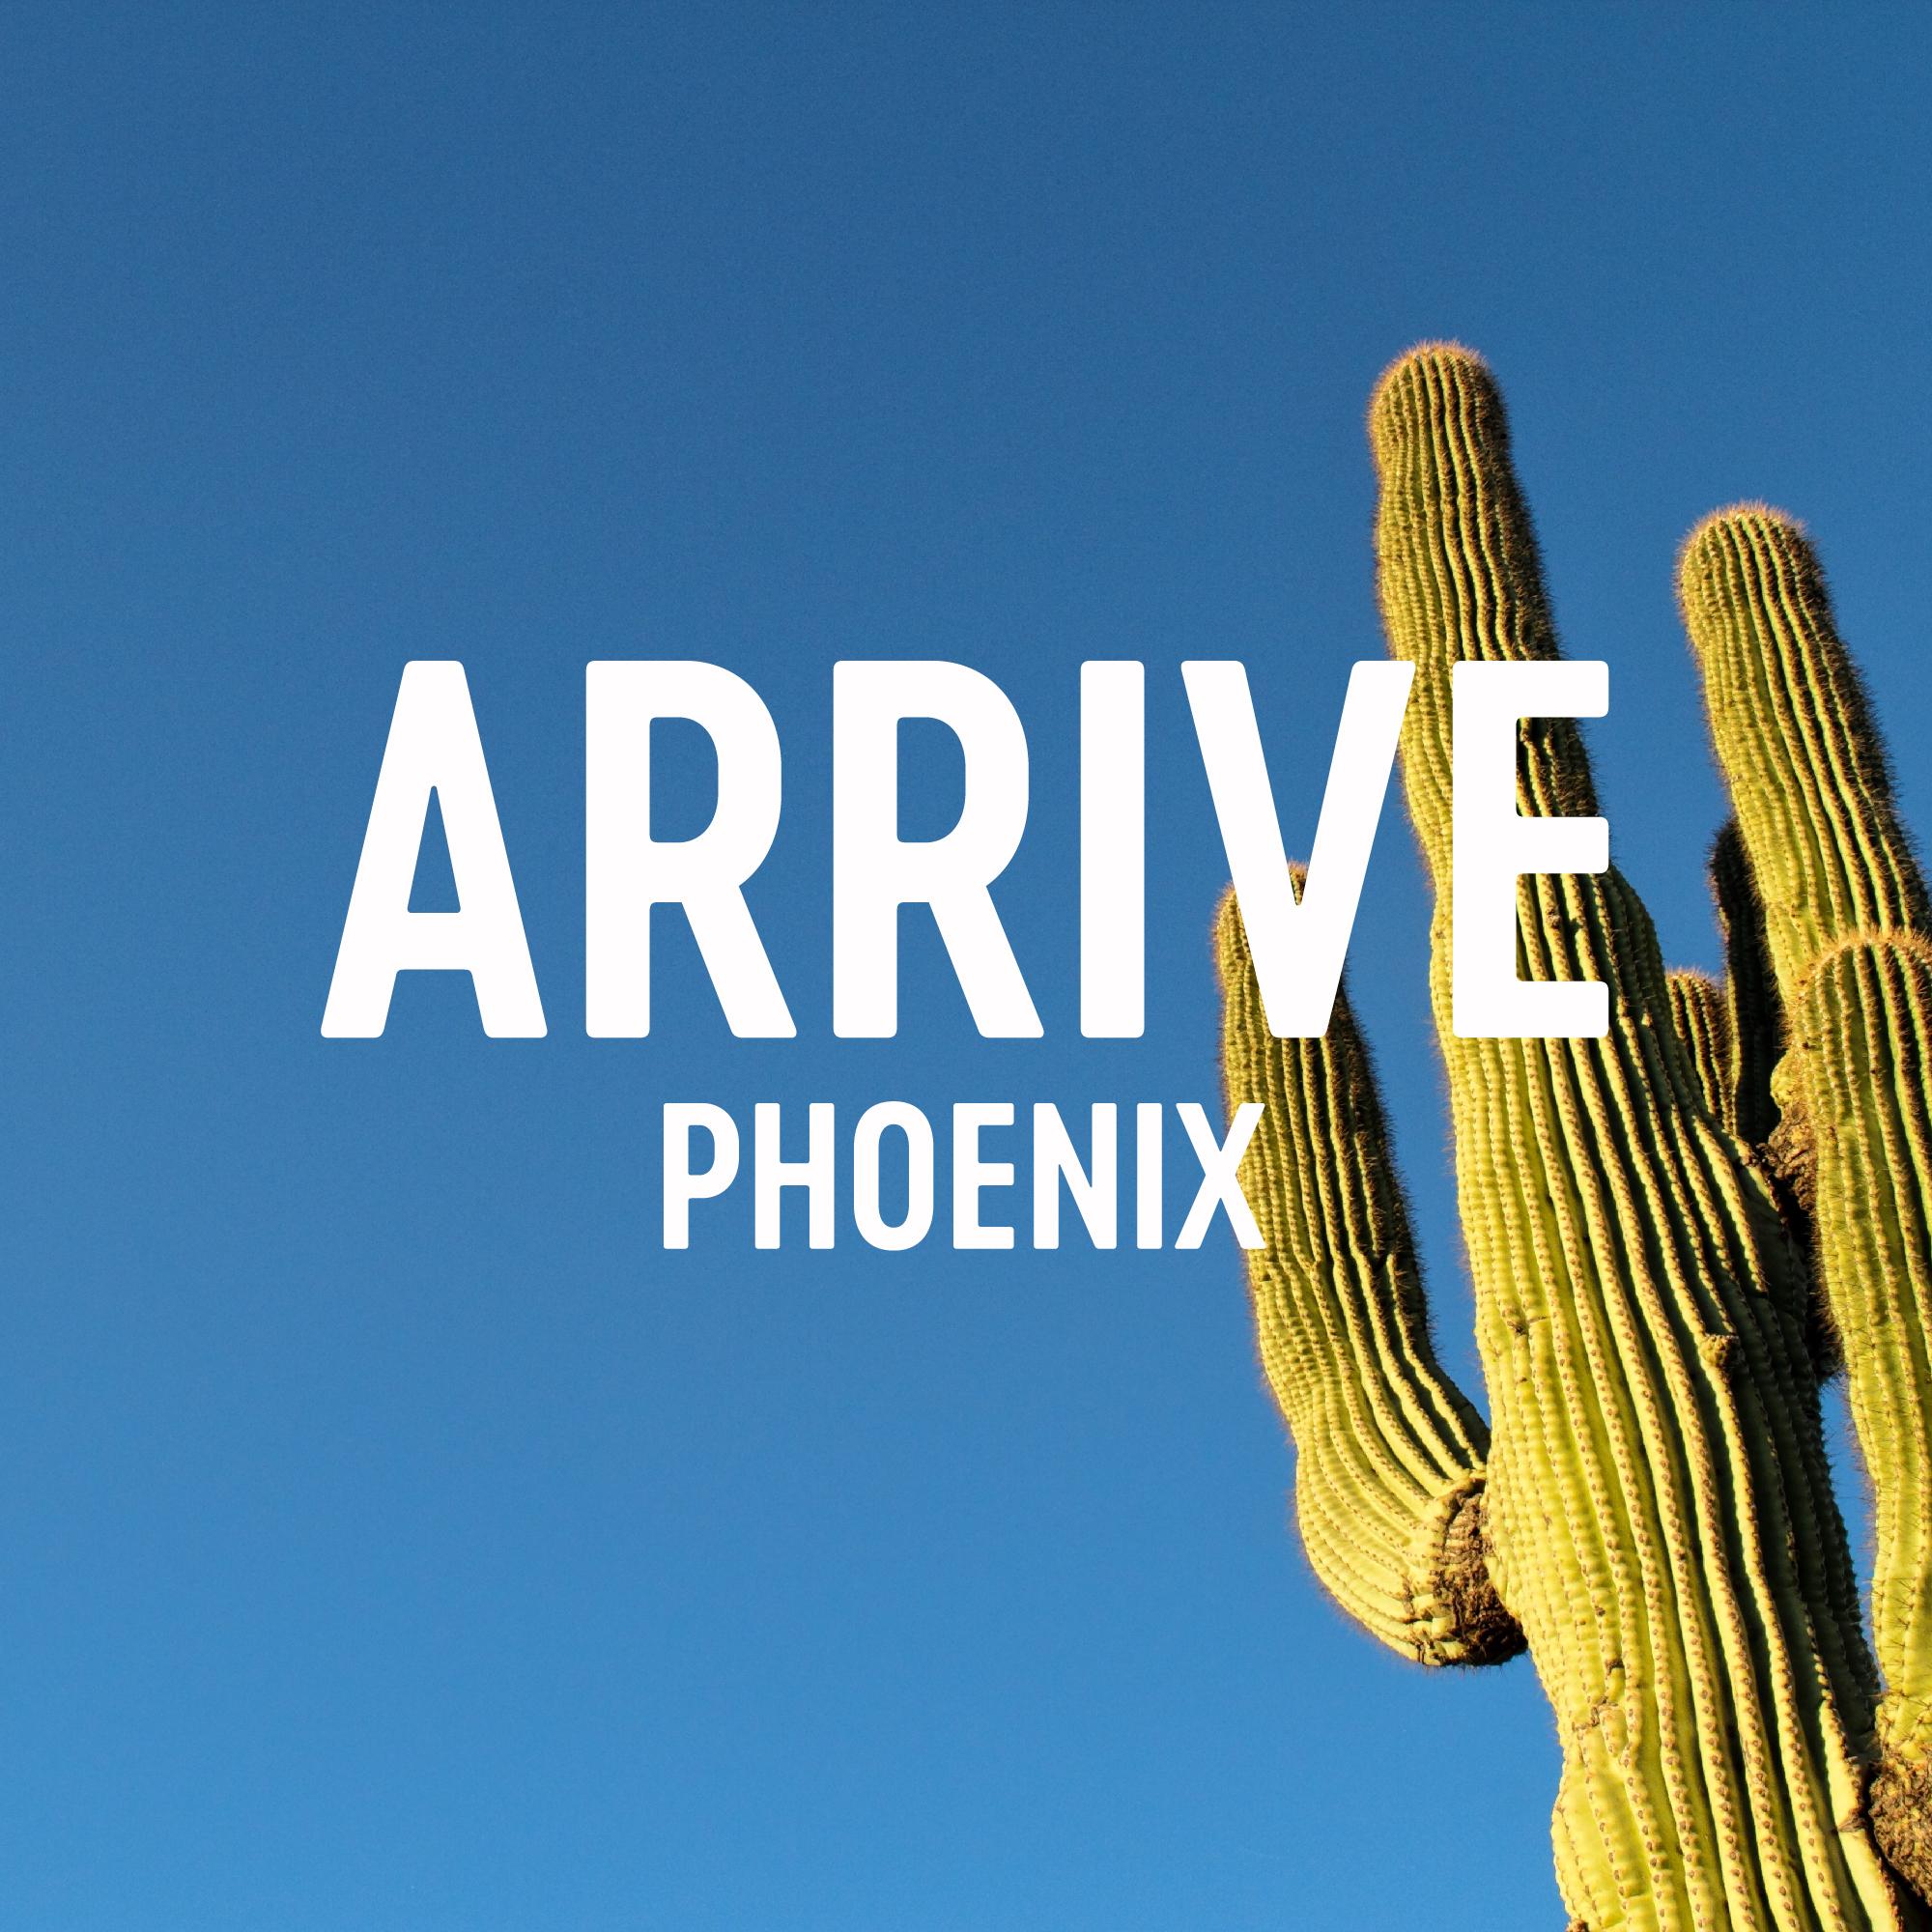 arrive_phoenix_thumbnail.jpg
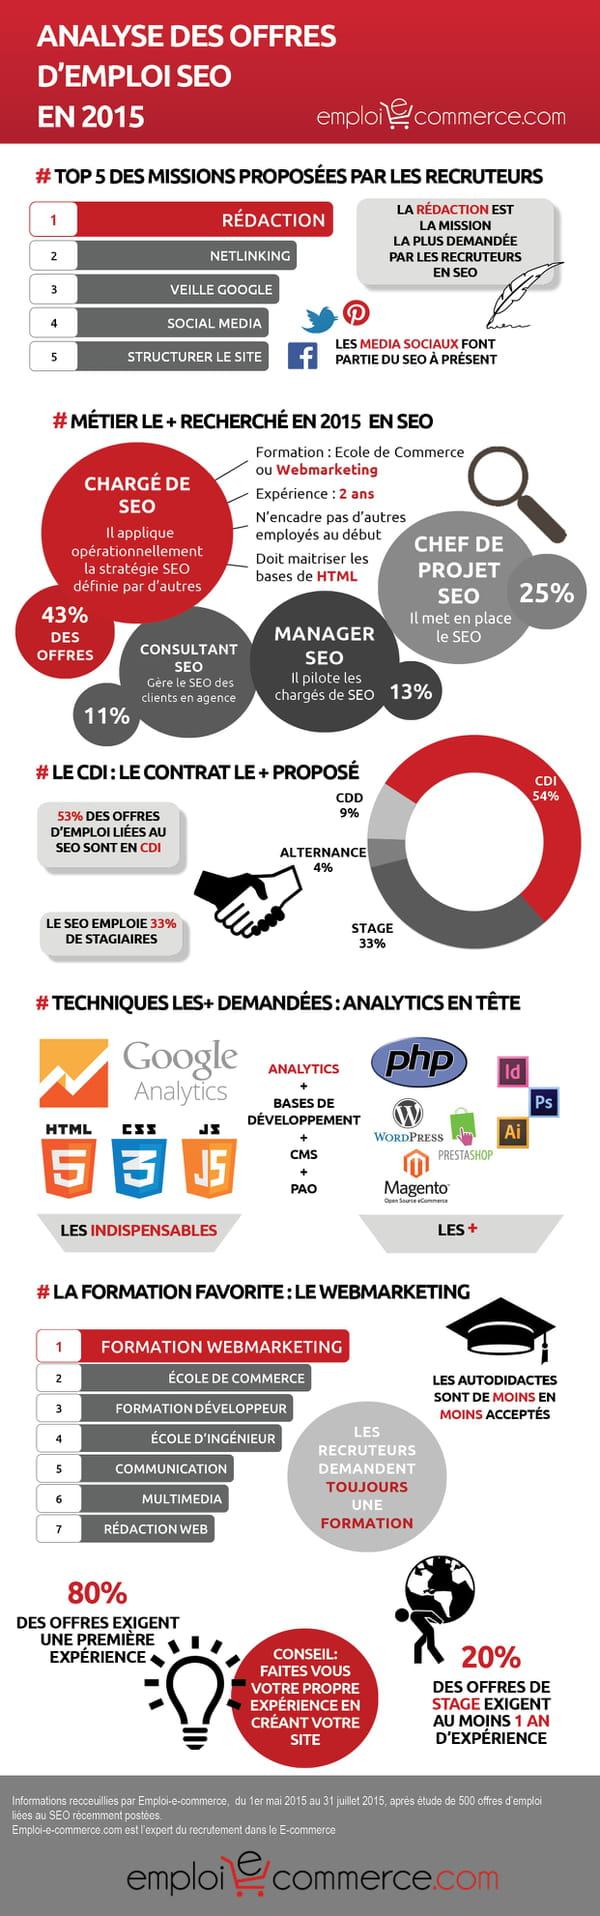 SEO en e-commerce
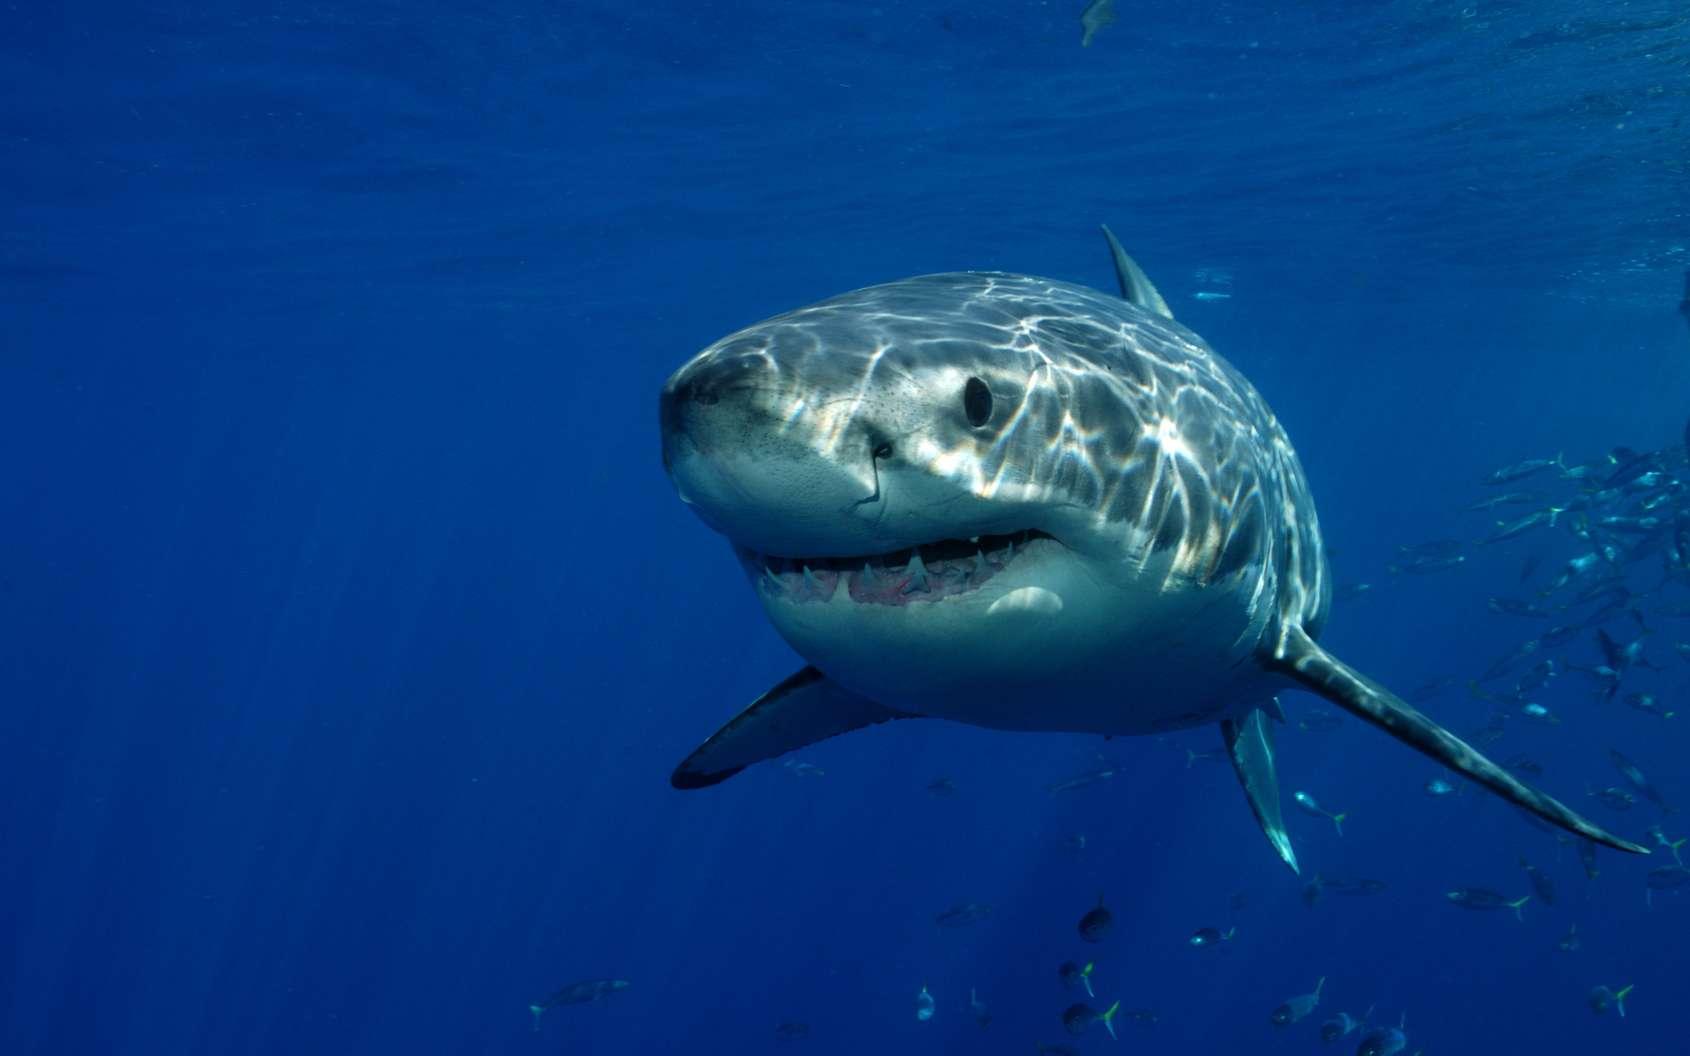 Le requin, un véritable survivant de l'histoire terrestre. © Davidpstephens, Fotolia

### TASK DIRECTIONS
Once the pictures are set aside, the remaining data must be transcribed exactly.

### ANSWER TO THE EXERCISE
 arrive_phoenix_thumbnail.jpg
 SEO en e-commerce
 Le requin, un véritable survivant de l'histoire terrestre. © Davidpstephens, Fotolia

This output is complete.